Oct 12-14. 52nd annual meeting, Falls Church, VA.
Oct 21-25. American Society of Anesthesiologists meeting in
Atlanta. AAPS will have a display (F-40), and AAPS members
(Drs. Nahrwold, Schlitt, and Orient) will present a panel on
Alternatives to Managed Care.
Oct 10-12, 1996. 53rd annual meeting, La Jolla, CA.
Legal Briefs
Michigan Appeals Court Rules that Criminal Intent Necessary
for Health Care Fraud
On April 21, 1995, the Court of Appeals for the State of
Michigan upheld the felony conviction of Victor Premen, D.D.S.

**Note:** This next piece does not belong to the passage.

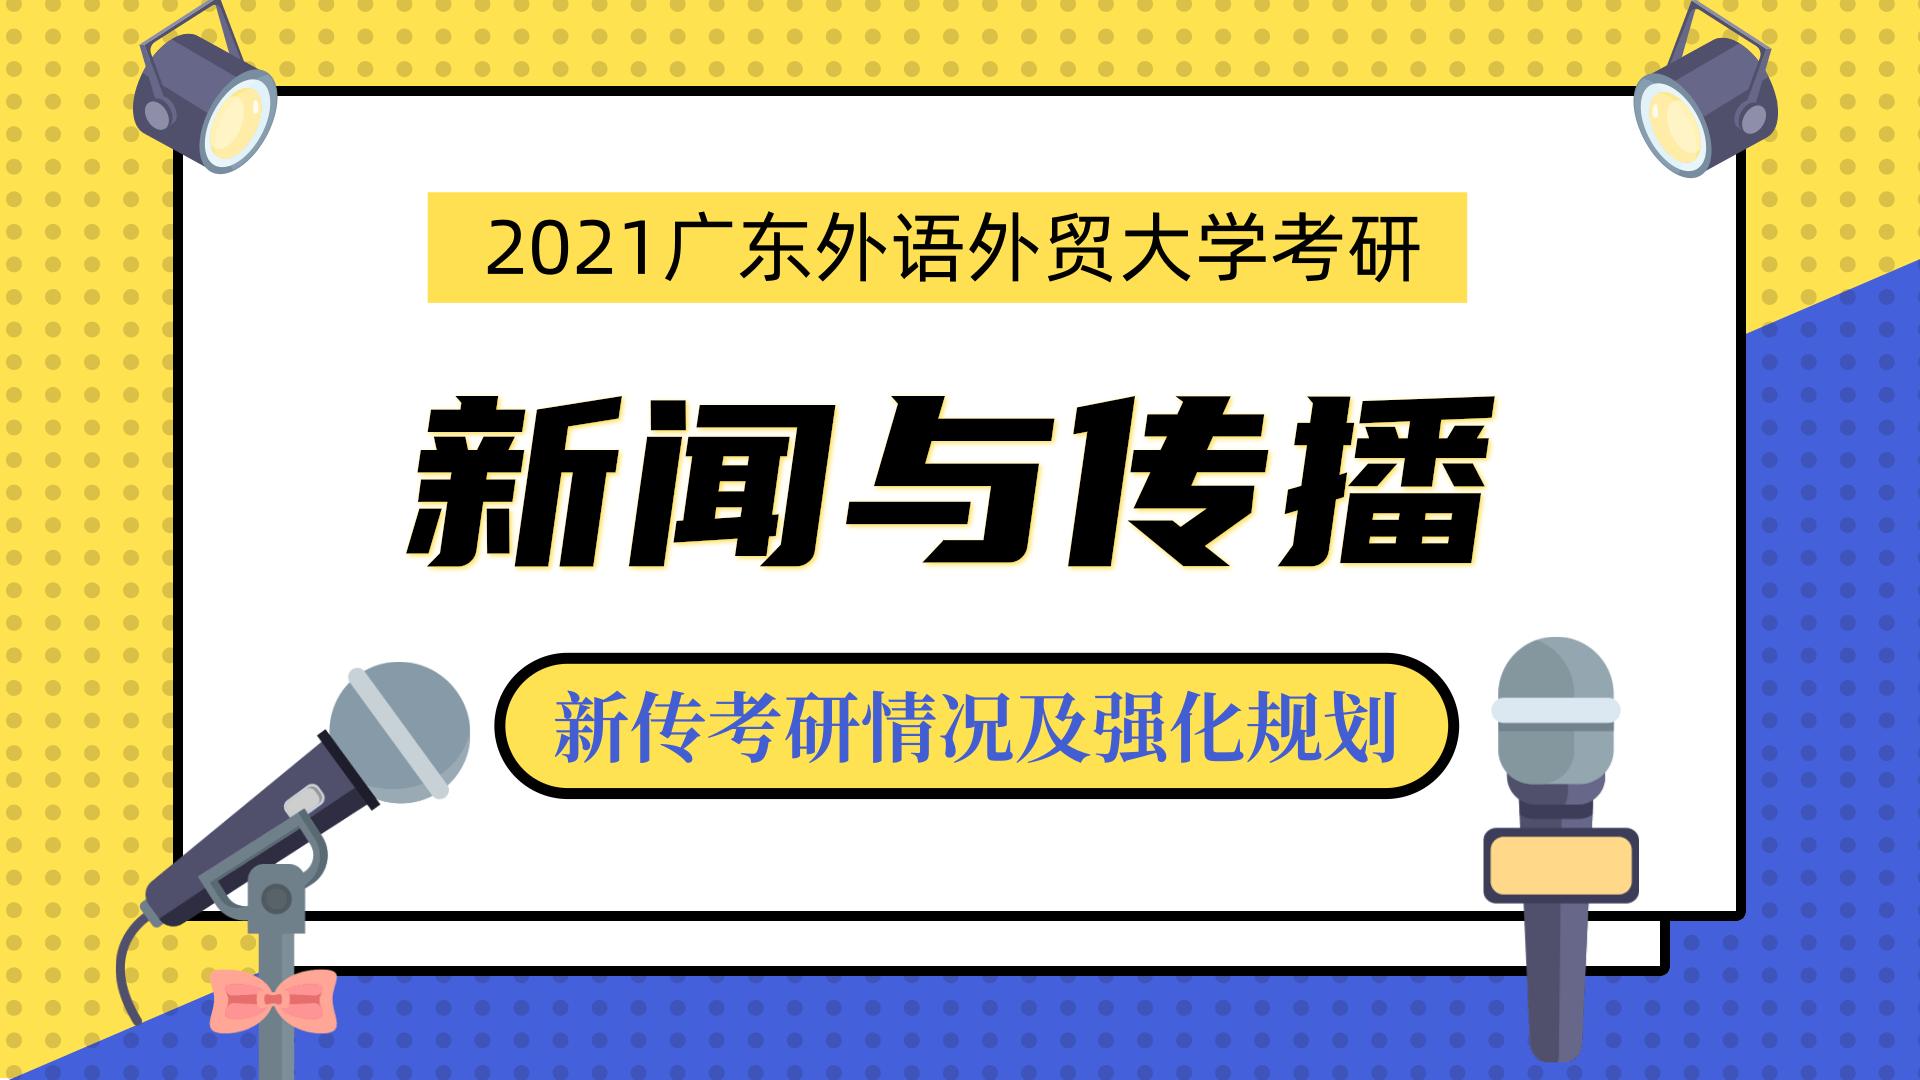 2021年广东外语外贸大学广外考研新闻与传播考研八月答疑会

(No. 152049, LC No. 91-003744). The defendant had billed Blue
Cross/Blue Shield of Michigan for applying amalgams to the teeth
of children when in actuality he had applied sealants, which were
not a covered benefit.
One dental assistant testified that Dr. Premen looked over
the claims before signing them, and another testified that she
was instructed to use the code for amalgams when sealants were
applied. On this basis, the jury determined that Dr. Premen had
``knowingly'' committed fraud, although he contended that there
had simply been a clerical error.
The Court found the Health Care False Claims Act [MCL
752.1003(3); MSA 28.547(103)(3)] to be constitutional. Dr.
Premen had argued that it was unconstitutionally vague because it
failed to provide fair notice of proscribed conduct and conferred
unlimited discretion on the trier of fact.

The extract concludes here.